Another note on Dijon: There is no designation that says that Dijon mustard must be produced in Dijon.
Mustard is a favourite low calorie and high flavour condiment!
Ways to Cook
The seeds are dried and used whole or ground as a spice. Mustard oil is derived from the seeds and is extremely pungent! (Remember studying mustard gas in from WWI history?) It is known in Indian cuisine.
Mustard seed can be brined and made into prepared mustard--the sauce or condiment. Dried mustard is widely used in meat rubs, salad dressings, marinades, curries, and cold sauces. Once prepared into a paste, mustard is used as an emulsifier. It contains lecithin which is needed for water molecules to bind with oil molecules like with a permanent emulsified dressing.
Mustard tastes very spicy. It can be used to add "heat" to a dish as would pepper, wasabi, fresh radishes or horseradish. A little goes a long way. It is good to always have Dijon mustard on hand and one spoon can boost up the flavour of all sorts of dishes. That's why we often use honey in conjunction with mustard--to balance things out and build layers of flavour. Mustard powder can be dangerous on its own. The heat is neutralized with water and/or acid like vinegar.

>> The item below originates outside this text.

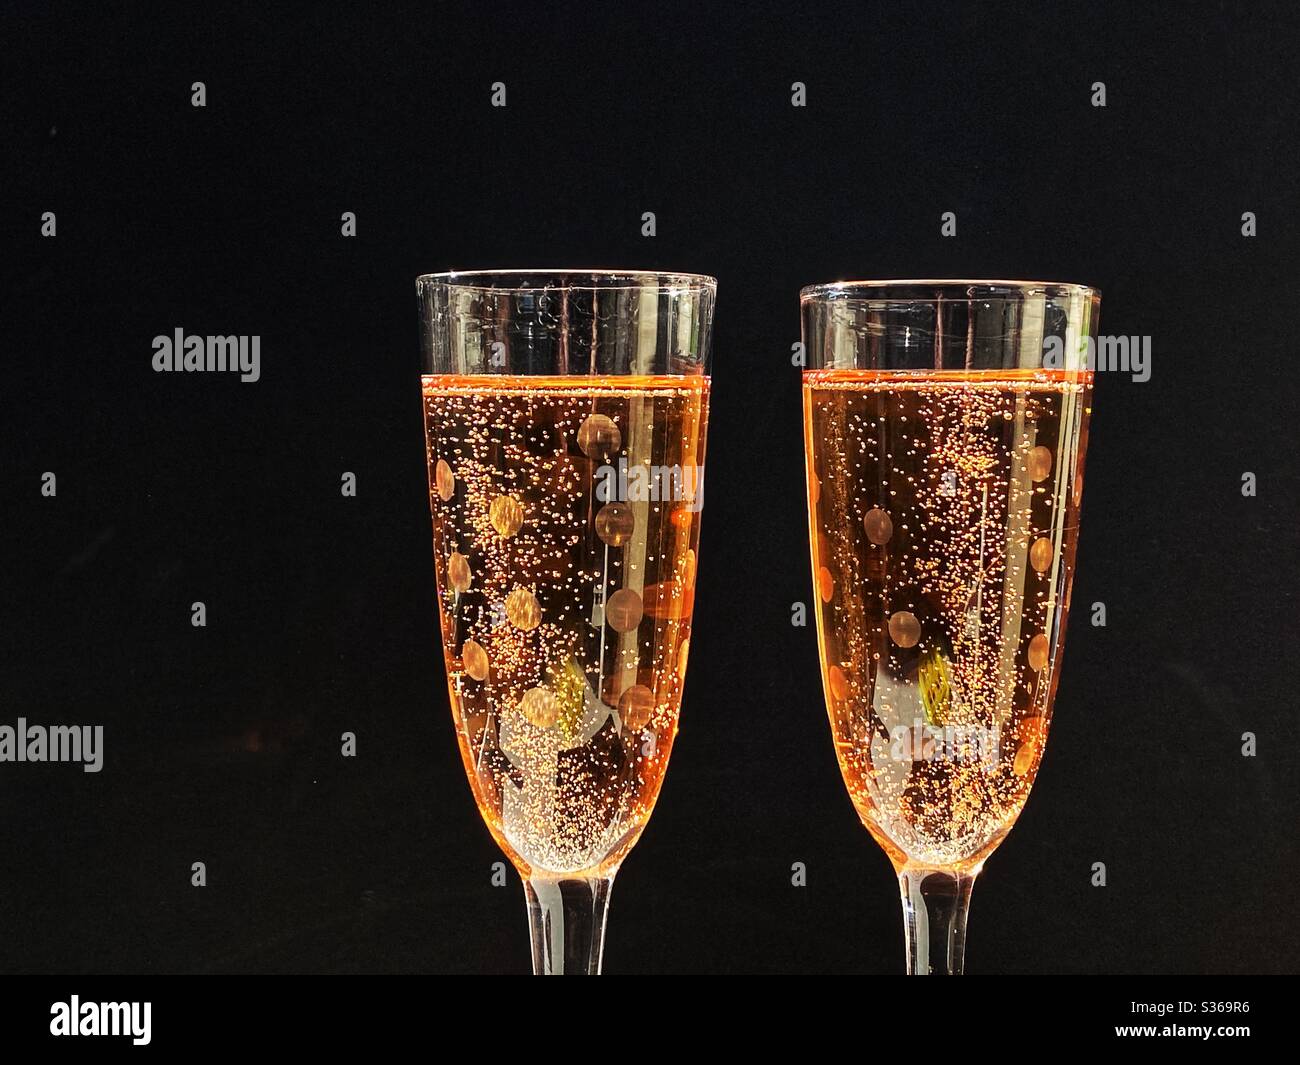 Pair of glasses full of pink champagne against a black background. No people. Space for copy. Stock Photo

The three types of mustard seed make 11 types of prepared mustard; Yellow, Dijon, Whole Grain (a.k.a. Meaux), German, Hot, French (from England not France!), Honey, Spicy Brown, Beer, Grey Poupon and Creole.
Cooking Mustard Greens
Now, the green of the mustard plant are edible too. They also have a spicy taste. Cook them similarly to other leafy greens but, again, be aware of their strong taste. Some liken it to bitter kale or a more pungent version of arugula.